# Vacuum leaks



## gjones (Oct 8, 2012)

EUREKA!!!! Finally found the blasted vacuum leak that had been plaguing my veritable sanity! The PO concocted this crazy brass block setup at the rear of the carburetor, which I attempted to just go ahead and replace with all new pieces, just match them and replace. NOT so easy. After going to 5 different auto parts stores, Lowes, and 2 alternate hardware places, no one could even come close to what was there. ( 2 of the auto parts stores told me that most of their brass fittings were being removed, as smokers of illicit drugs were using them to make smoking apparatuses!- One place even had the audacity to try to ID me when I purchased a fitting! I told them to cram it, and give me the part-which they did!). ANYway, after 15 solid months of spending 8-18 hours a day out in the garage, it actually feels like I'm making progress. (I might have had 30 days off total in that time) One of the brass blocks had a hairline fracture in it- NOT really noticeable, looked like a casting mark. Spraying it with carb cleaner made no rpm change at all. Pulled all that garbage off the back, installed a threaded barb, connected the booster line to that and cranked it up- WHAT A DIFFERENCE! It now idles smooth in gear!!!! Now BOTH idle mixture screws actually function! All I have to do now is connect the vacuum modulator line up. (NOT to the rear again- hopefully it will function properly connected to the front port on the drivers' side of carburetor.

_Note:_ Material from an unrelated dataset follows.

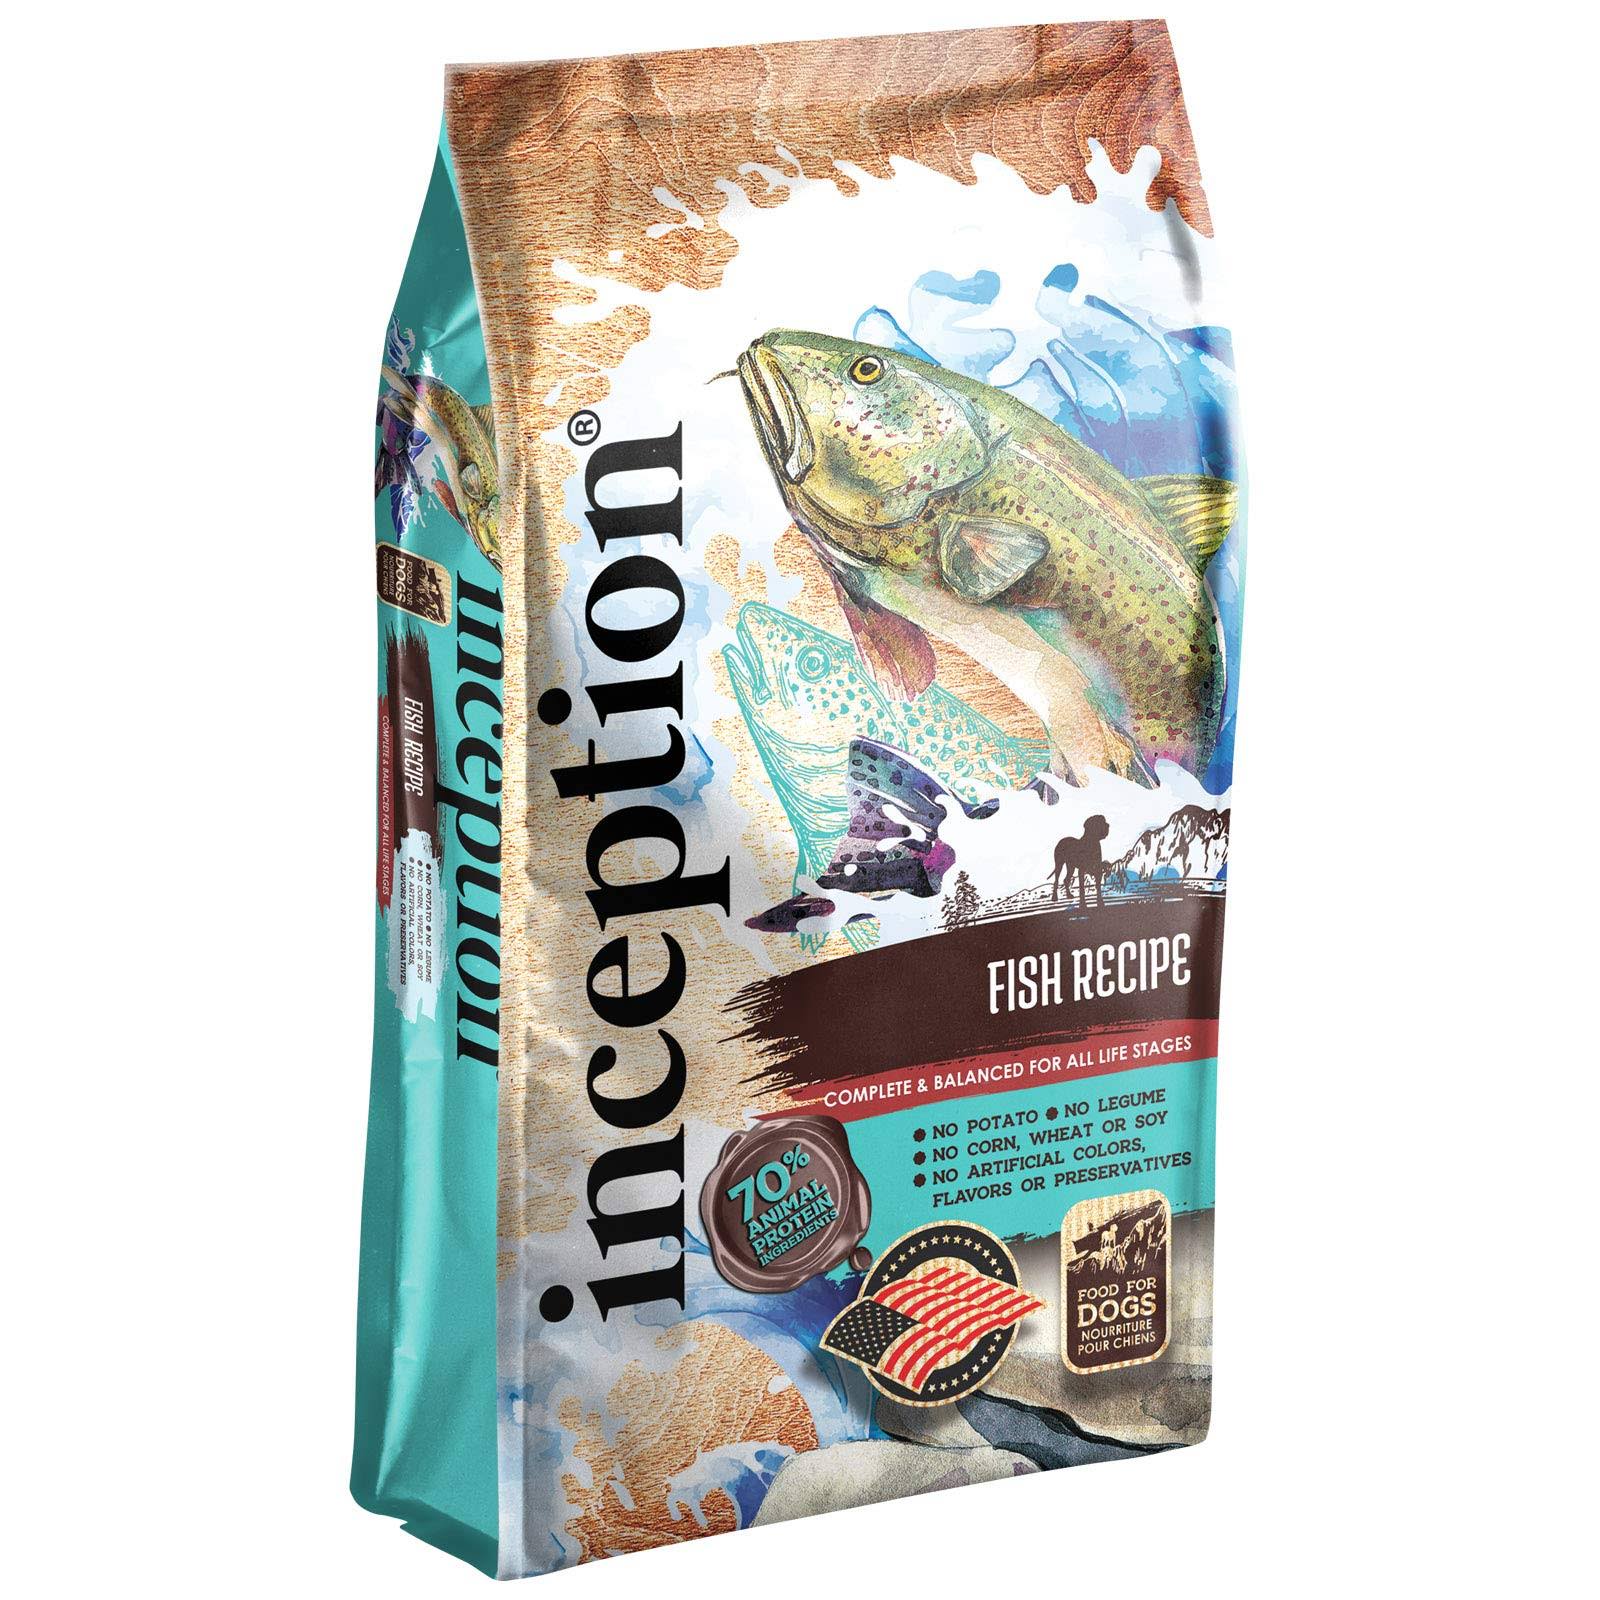 Inception Food for Dogs, Fish Recipe - 27 lb

I also moved the advance line to the right side timed port-she likes that spot!). I had to take a few steps back and a few deep breaths and start fresh. THANKS TO ALL who helped me through this grueling process. My confidence level has finally risen, at least to the surface! THANKS!!!!


----------



## FlambeauHO (Nov 24, 2011)

:beer: cheers!


----------



## gjones (Oct 8, 2012)

*vacuum leaks*

Just came in from garage a few minutes ago (4:33 a.m.). Have already had an celebratory beer or two, as it were. Today, I will purchase vacuum lines and the like, then drive that puppy around and see what she'll do for me. It should be an momentous occasion.


----------



## jmt455 (Mar 26, 2012)

Congrats!


----------



## geeteeohguy (Feb 2, 2008)

If you have a Quadrajet, the modulator line connects to the 1/4" fitting on the passenger side of the carb, at the front. The vacuum advance connects at the driver's side, and is manifold vacuum, not ported. Great that you got it running much better!!


----------



## gjones (Oct 8, 2012)

*vacuum leaks*

Nope, GTO guy, there's a Carter competition carb on it. I've read a few posts about that, and they all said the pass. side was the timed side, and the left side was full vacuum. If that is not the case, then the parts I bought today won't work because I know that the trans. needs manifold vacuum, and I'll have to find another spot to stick the modulator line. There seems like some force is resisting tooth and nail over every little item I try to fix on this beast. I'll know soon enough, though- heading back to the garage right now- we shall see.


----------



## gjones (Oct 8, 2012)

*Carter carb.*

ok after reading about 100 posts, the vacuum port configuration on the front of this Carter 9635 is still elusive. Seems 50 posts say the timed side is the RIGHT SIDE, and 50 say the LEFT side is the timed side. I suspect that 50 believe the actual LEFT DRIVERS' side is not the left to them, because they're looking at it from the front of the engine. Looked at Edelbrock site- they show a picture, and nothing else. Not a word. IS THE LEFT SIDE (DRIVERS' SIDE) MANIFOLD VACUUM, OR PORTED ON A CARTER COMPETITION SERIES 9635SA?????????????


----------



## geeteeohguy (Feb 2, 2008)

Here's how to make it simple: There are two types of engine vacuum: manifold and ported. Manifold is below the throttle plates and ported is above the throtle plates. The transmission modulator must be connected to manifold vacuum for it to work. As the throttle is opened, manifold vacuum drops, but the velocity thru the carb causes the ported (above throttle plates) vacuum to increase. Like a see-saw. Easy to check. Pull a hose and if it's sucking air at idle (like a PCV line or a vacuum advance line) it's maniflold. If you have to rev the engine to get suction on the line, it's ported.


----------



## gjones (Oct 8, 2012)

*vacuum leaks*

Thanks geeteeohguy. That's the answer I was looking for. I knew it was that easy- sometimes I can't see the forest, for the trees. I try to look for the most complicated of answers it seems, when the "real" problem is right under my nose!


----------